"""

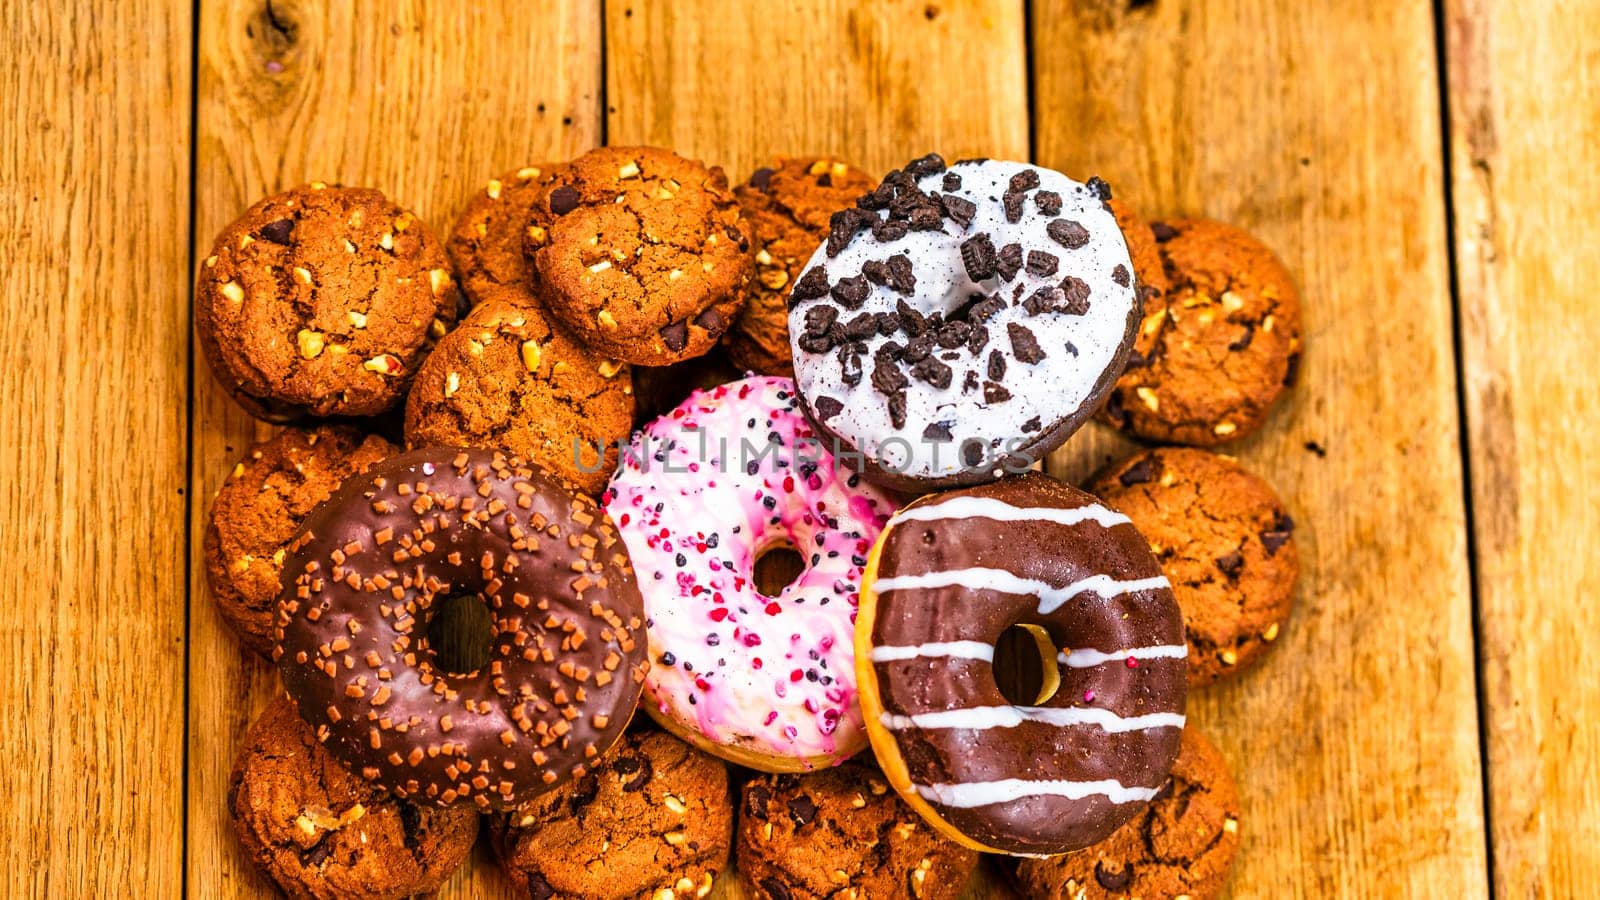 Colorful donuts on wooden table. Sweet icing sugar food with glazed sprinkles, doughnut with chocolate frosting. Top view with copy space by vladispas
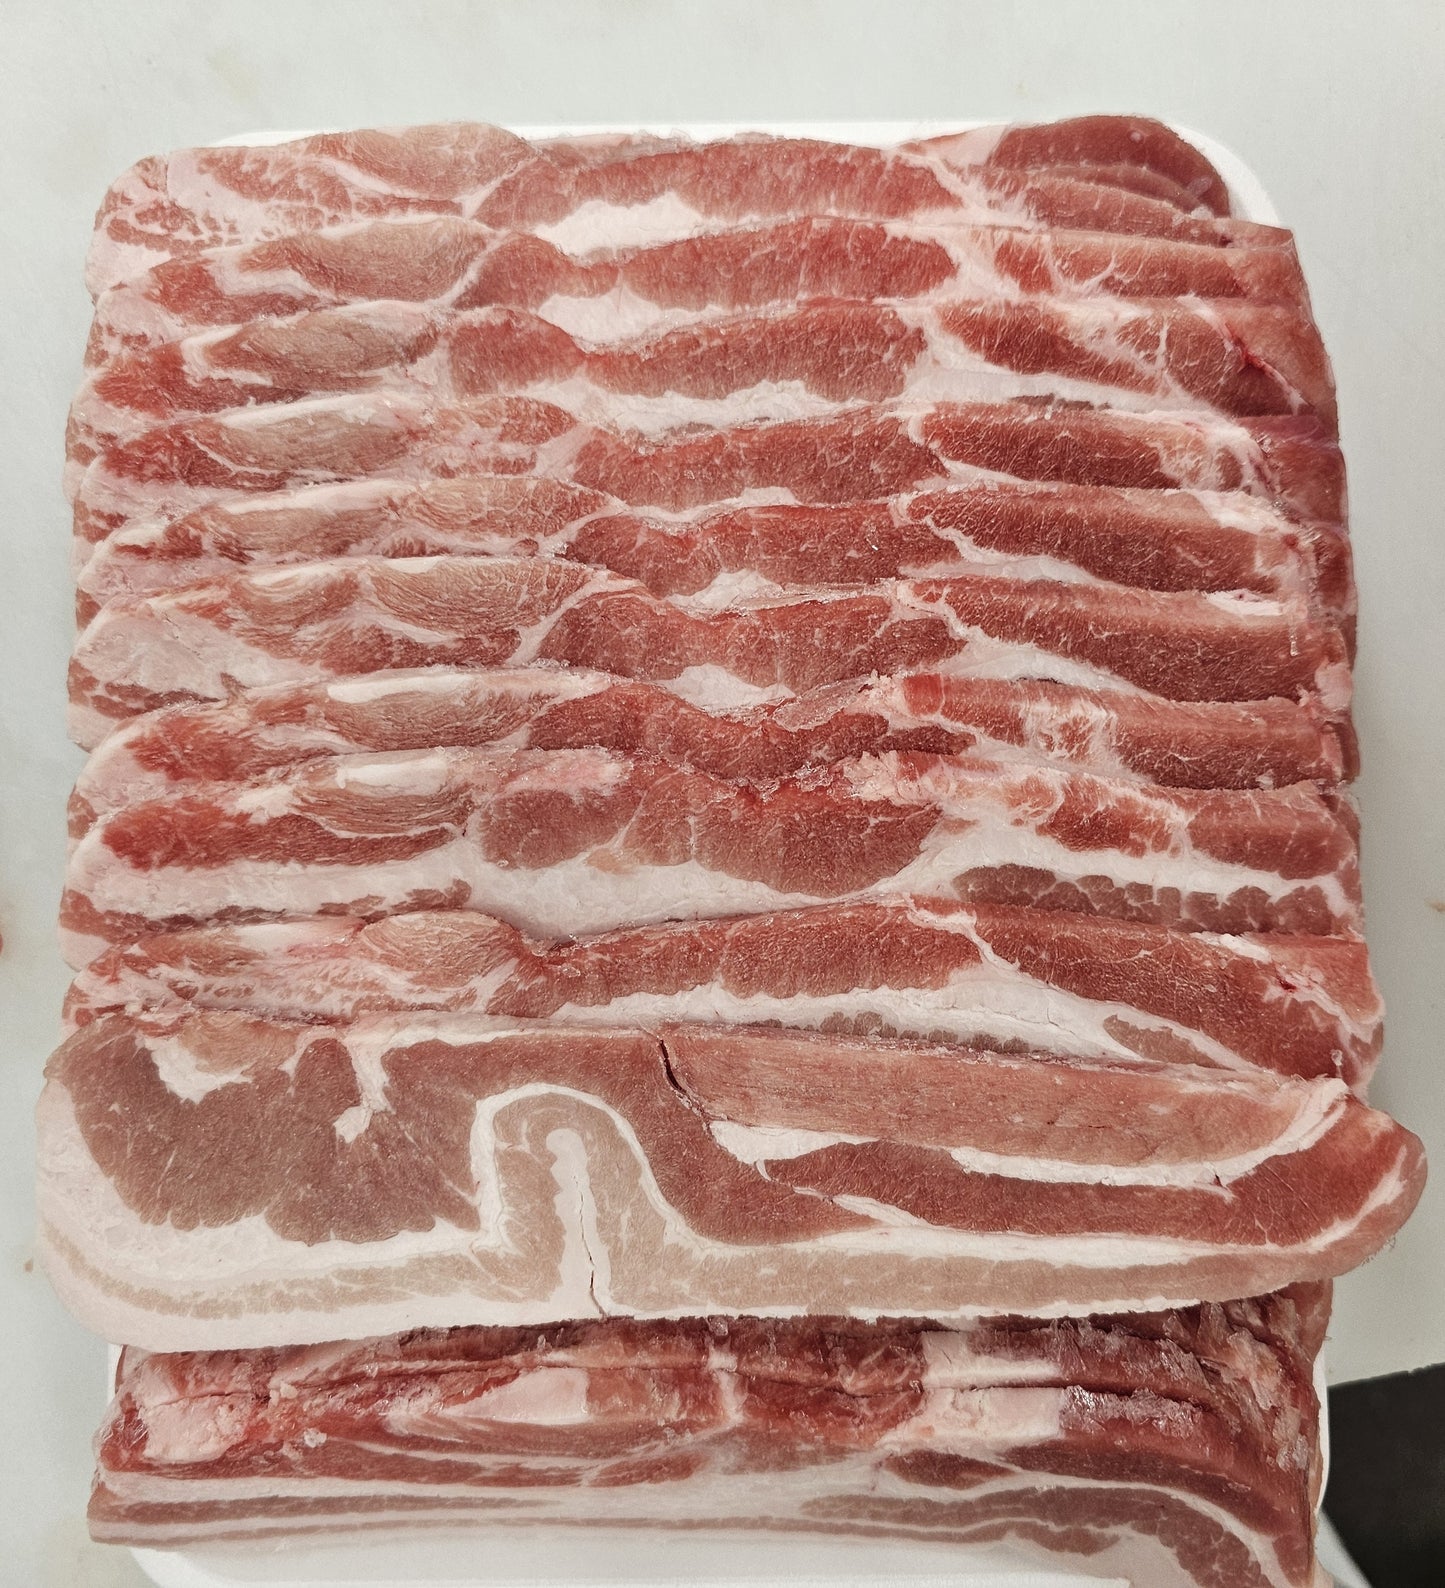 Pork Single Ribbed Belly Slice 3Lbs Tray Pack - Frozen
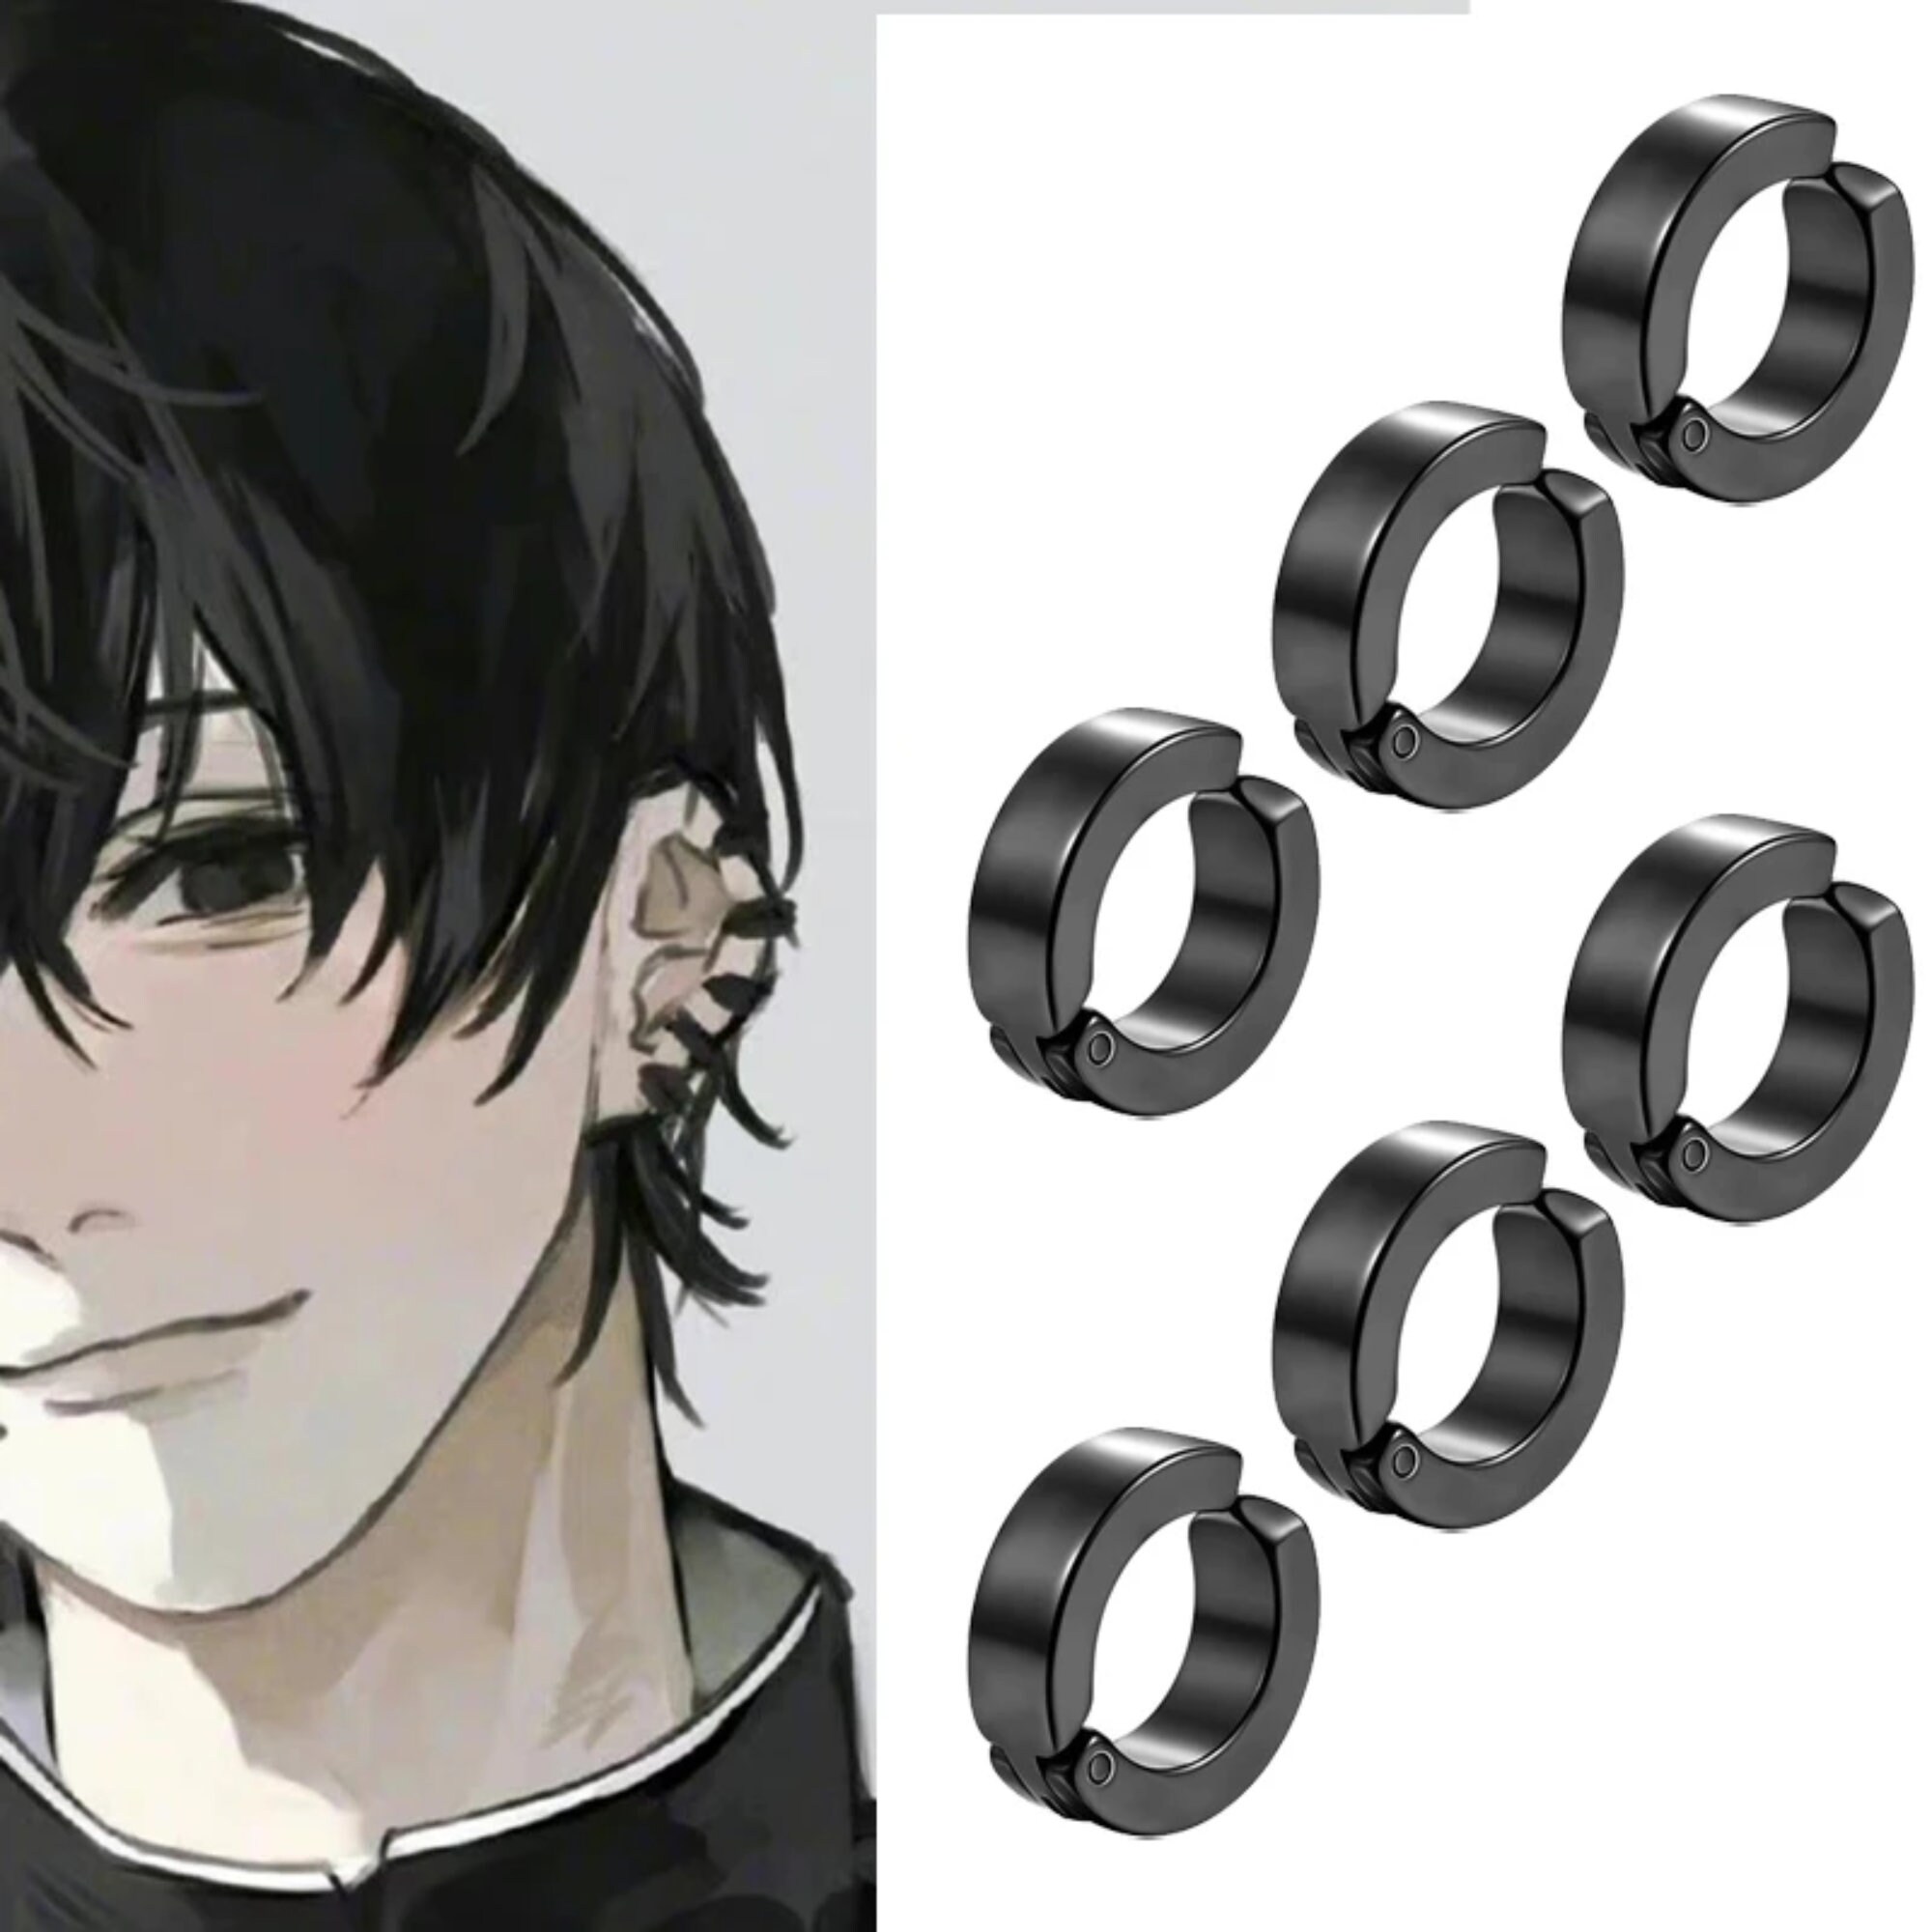 17 Of The Best Anime Characters With Piercings

"""

[GOAL OF THE EXERCISE] Each line above should be returned exactly as it stands, minus any pictures.

[SOLUTION TO THIS PROBLEM]
 Colorful donuts on wooden table. Sweet icing sugar food with glazed sprinkles, doughnut with chocolate frosting. Top view with copy space by vladispas
 Pork Single Ribbed Belly Slice 3Lbs Tray Pack - Frozen
 17 Of The Best Anime Characters With Piercings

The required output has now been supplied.